DATA SECTION -
________________

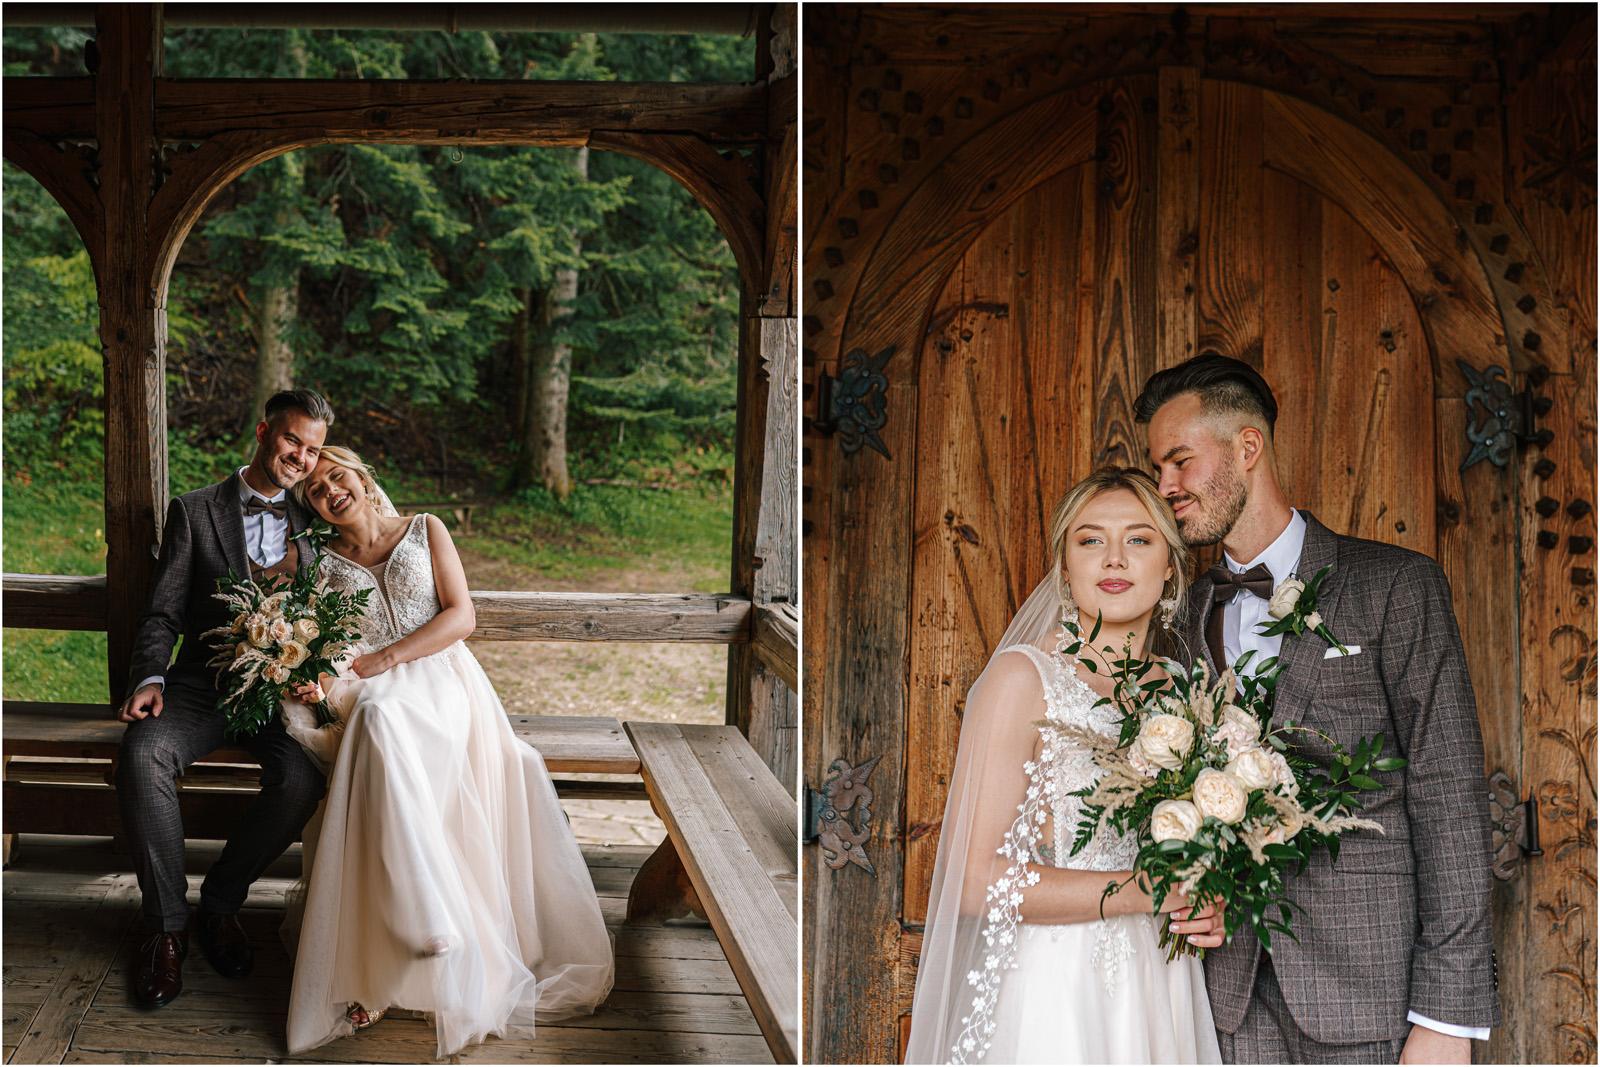 Amanda & Błażej | ślub i sesja w górach 43
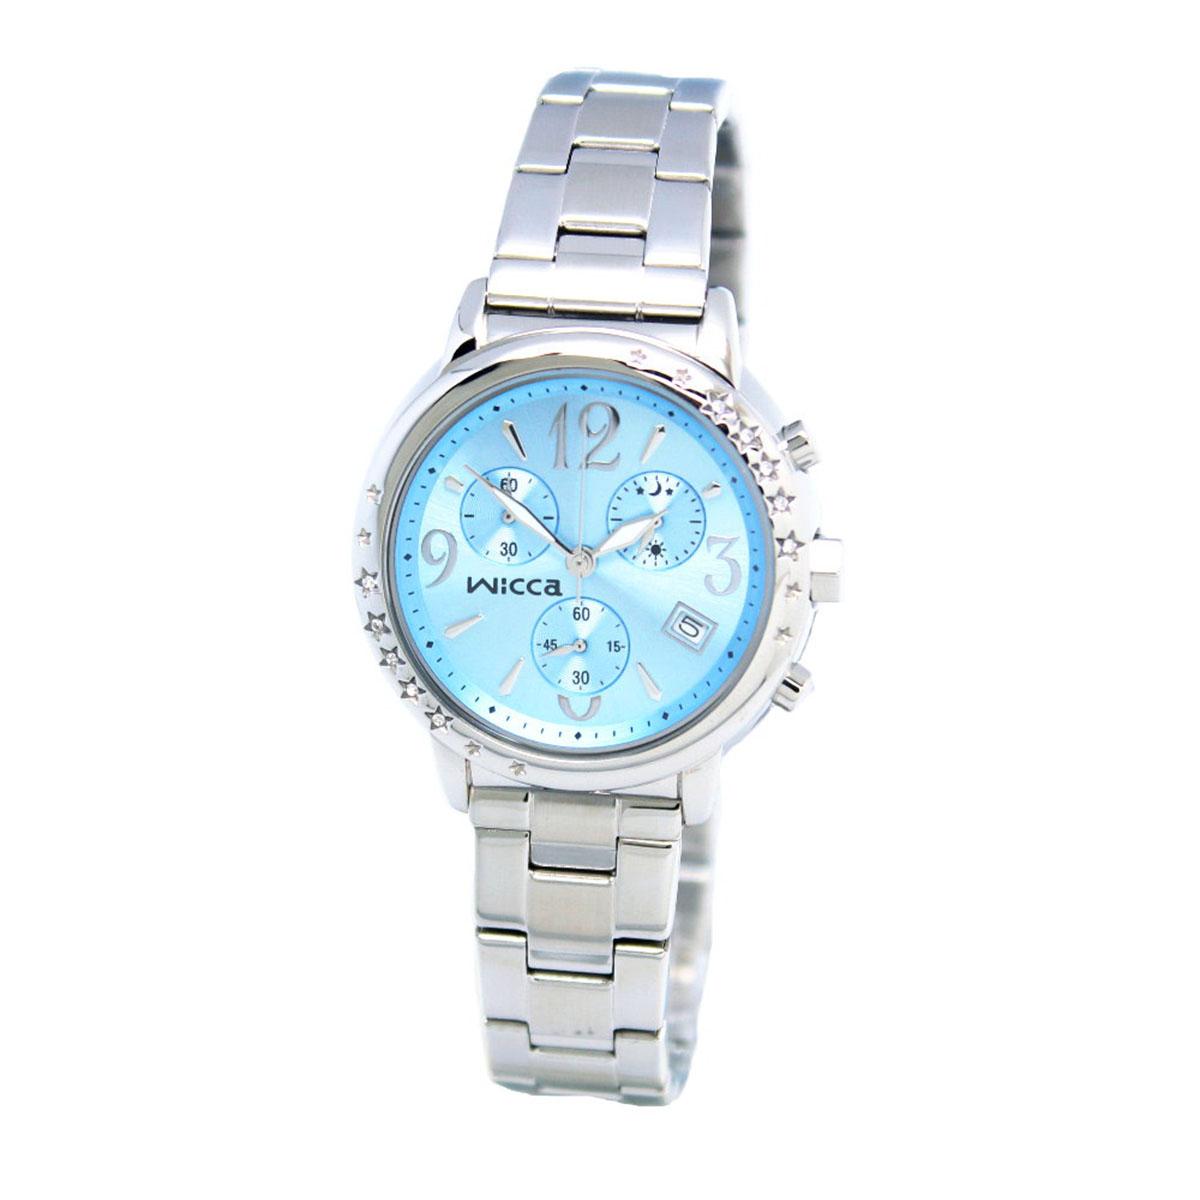 นาฬิกาผู้หญิง Citizen รุ่น BM1-113-71, Casual Chrono Analog Silver Watch
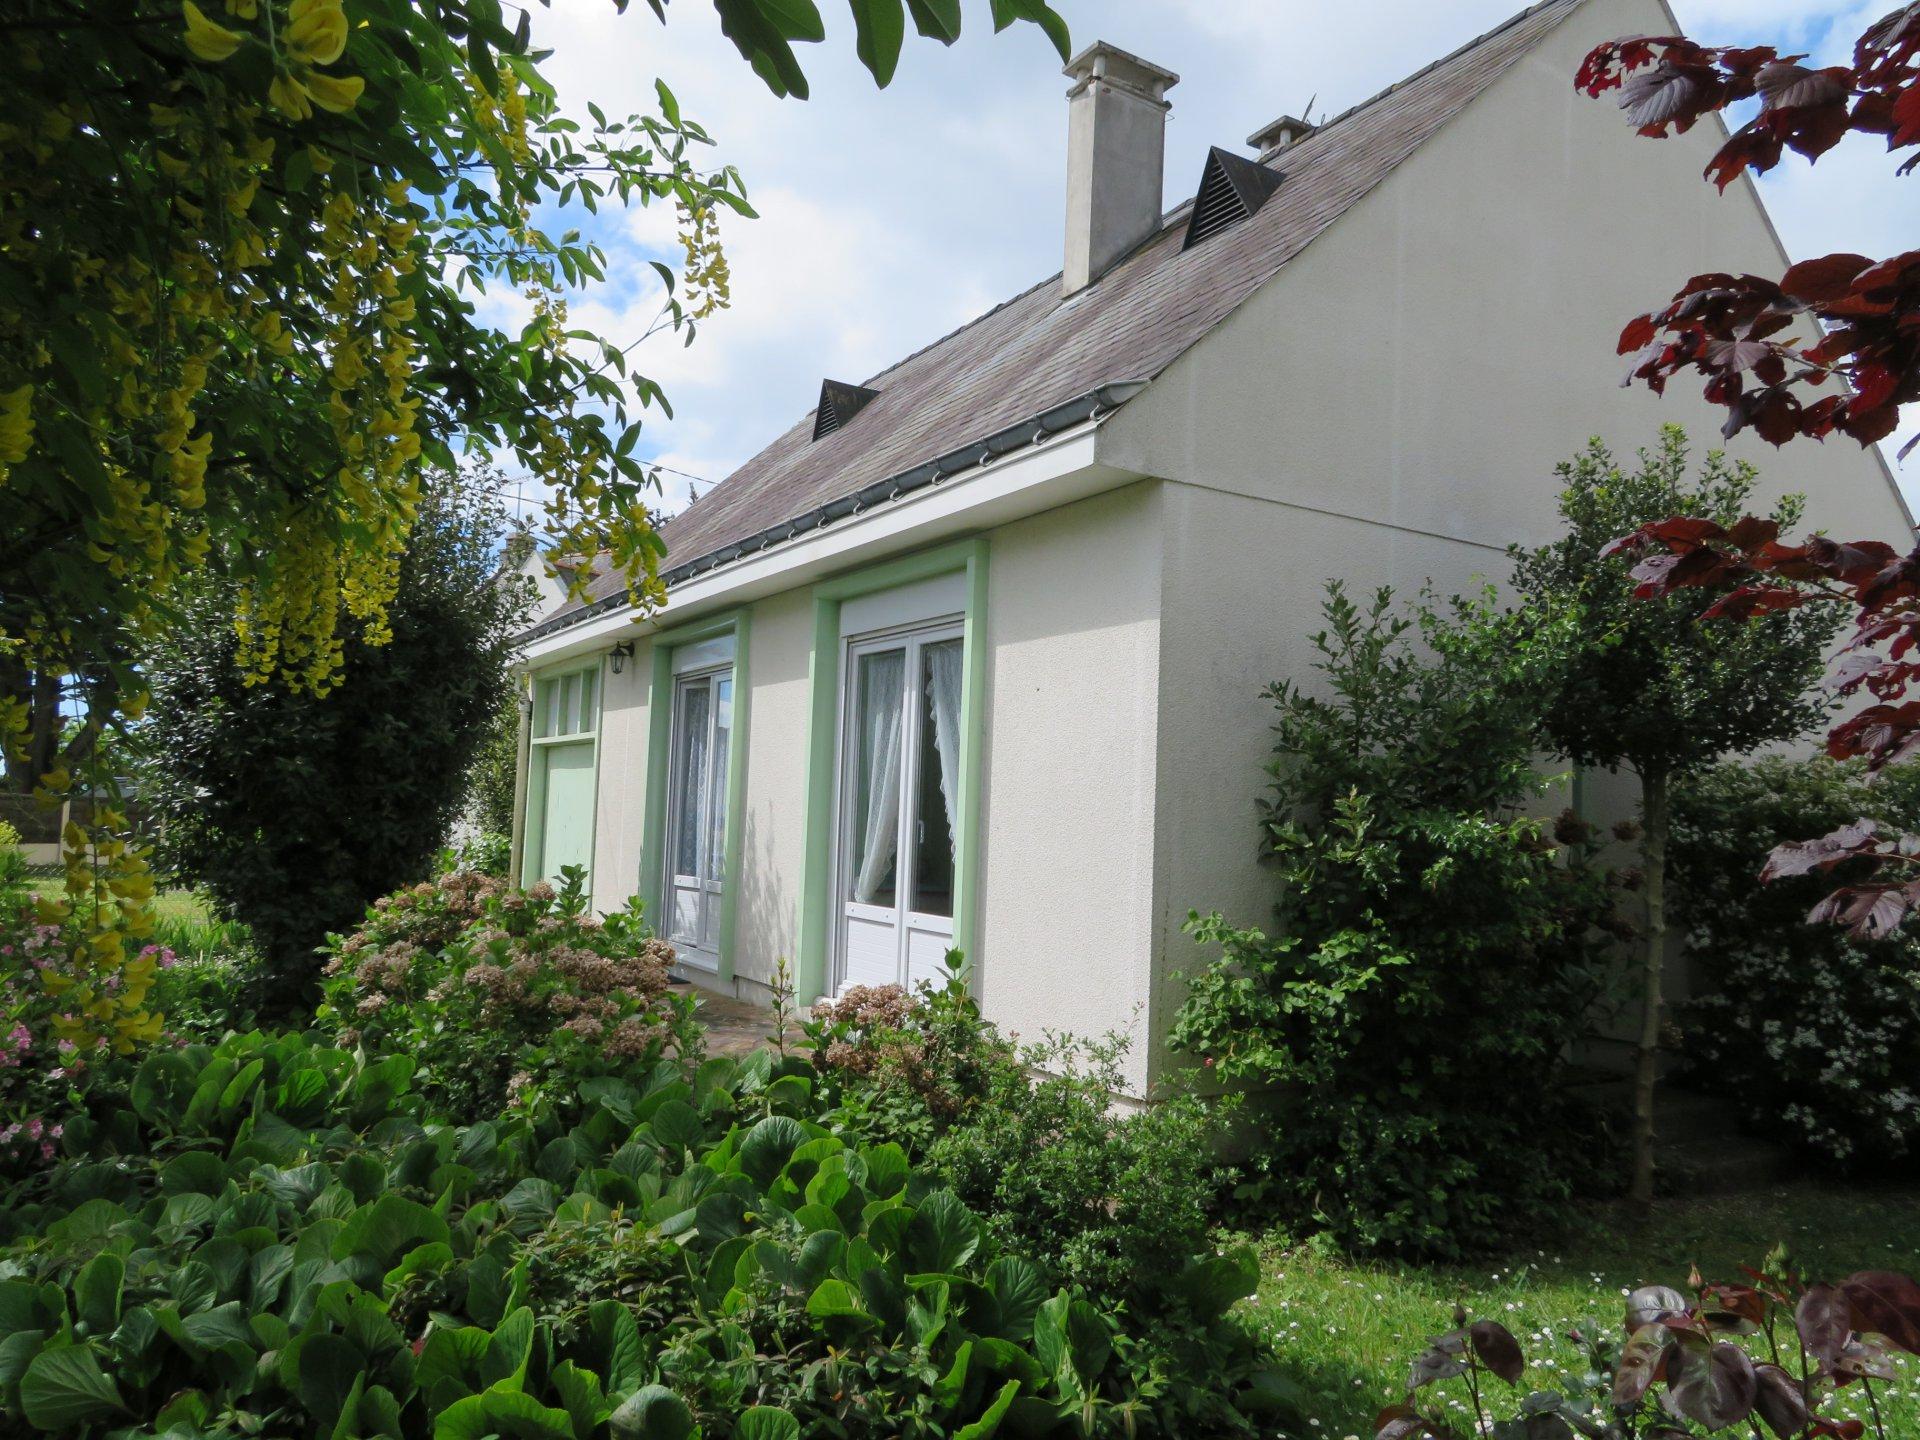 Maison à louer à Damgan Entre Damgan et Pénerf maison avec jardin 2 chambres

________________

WORK ORDER -
Output the whole of the data, unchanged; keep the pictures out.

RESULT OF THIS TASK -
 Amanda & Błażej | ślub i sesja w górach 43
 นาฬิกาผู้หญิง Citizen รุ่น BM1-113-71, Casual Chrono Analog Silver Watch
 Maison à louer à Damgan Entre Damgan et Pénerf maison avec jardin 2 chambres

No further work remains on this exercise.